Epilepsy is a chronic neurological condition characterized by recurrent seizures and symptoms from simple momentary absences to violent convulsions lasting a few minutes. It is estimated that approximately 50 million people worldwide suffer from epilepsy and over 30% have drug-resistant epilepsy. The therapeutic use of Cannabis, and in particular of its non-psychotropic component CBD or cannabidiol,
has improved the quality of life of drug-resistant patients, showing excellent potential in reducing the frequency and severity of seizures.
Preventing the onset of the epileptic crisis and controlling the transition phase from the pre-symptomatic to the symptomatic state of disease is a crucial aspect of epileptogenesis. The availability of experimental animal models is of primary importance for understanding pathogenesis and drug testing.
Medicinal cannabis can provide advantages in the prevention and transition from the pre-epileptic to the epileptic phase, acting as a modulator of the “endocannabinoid system”, a class of small endogenous lipid mediators, able to regulate the excitability of neuronal networks.
Data from a study coordinated by Dr. Cristino at the CNR of Italy, Institue of Biomolecular Chemistry, reveal a new mechanism by which endocannabinoids reduce the number of seizures in certain forms of epilepsy resistant to pharmacological treatment.
The study exploited a genetic animal model of epilepsy, the Synapsin II knockout mice that are defective in the expression of the Synapsin II protein, a member of the multigene synapsin family playing a critical role in the control of neurotransmitter release.

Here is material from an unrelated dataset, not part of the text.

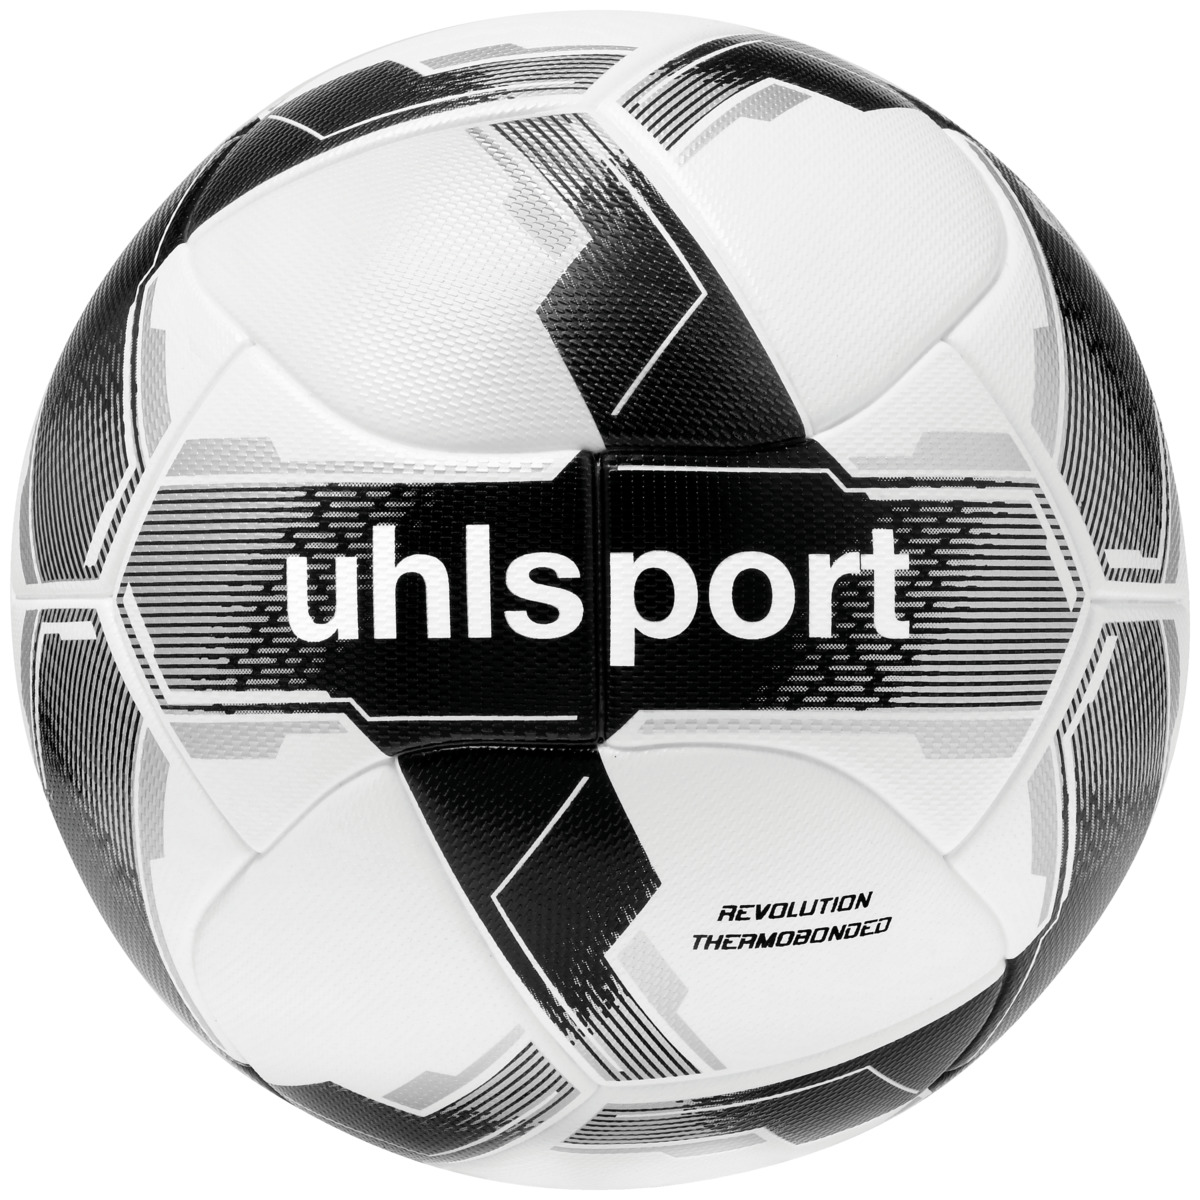 kubus salon Afname uhlsport Fußbälle für Spiel & Training | im uhlsport Online Shop

Mutant mice lacking the SYN2 gene are all prone to developing spontaneous epileptic seizures after 2-3 months of age. The progressive increase in epileptic seizures makes this genetic model particularly interesting for studying the mechanisms of epileptogenesis and, above all, the transition from the pre- to the full-epileptic state.
By applying techniques for studying brain neurochemical signals such as electrophysiology, confocal microscopy, and behavioral tests, the study reveals how in this model brain development is associated with the loss of expression of the endocannabinoid CB1 receptor in the hippocampus together with the increase of glutamate release, an excitatory neurotransmitter promoting the onset of seizures in adult animals.
These results highlight how the regulation of the endocannabinoid system, and in particular of the expression of the mediator 2-Arachidonoylglycerol (2-AG), is essential in the balance between excitatory and inhibitory inputs in the hippocampus to maintain the stability of the neuronal networks and to prevent the onset and propagation of epileptic seizures.
This study published in the Cellular and Molecular Life Sciences (Forte et al., 2024; doi: 10.1007/s00018-023-05029-7), adds a new piece to the puzzle opening the way for the pharmacological approach to counteract epileptic encephalopathy in humans.
The study has been coordinated by Dr. Cristino at ICB, CNR of Pozzuoli, Italy, in collaboration with Prof. Di Marzo at Laval University of Canada, and coordinator of the International Research Unit between CNR and Canada (UMI-MicroMenu), with the research group of Prof. Benfenati at the University of Genoa, Italy and the ‘Italian Institute of Technology, and with Prof. De Girolamo at Federico II University of Naples.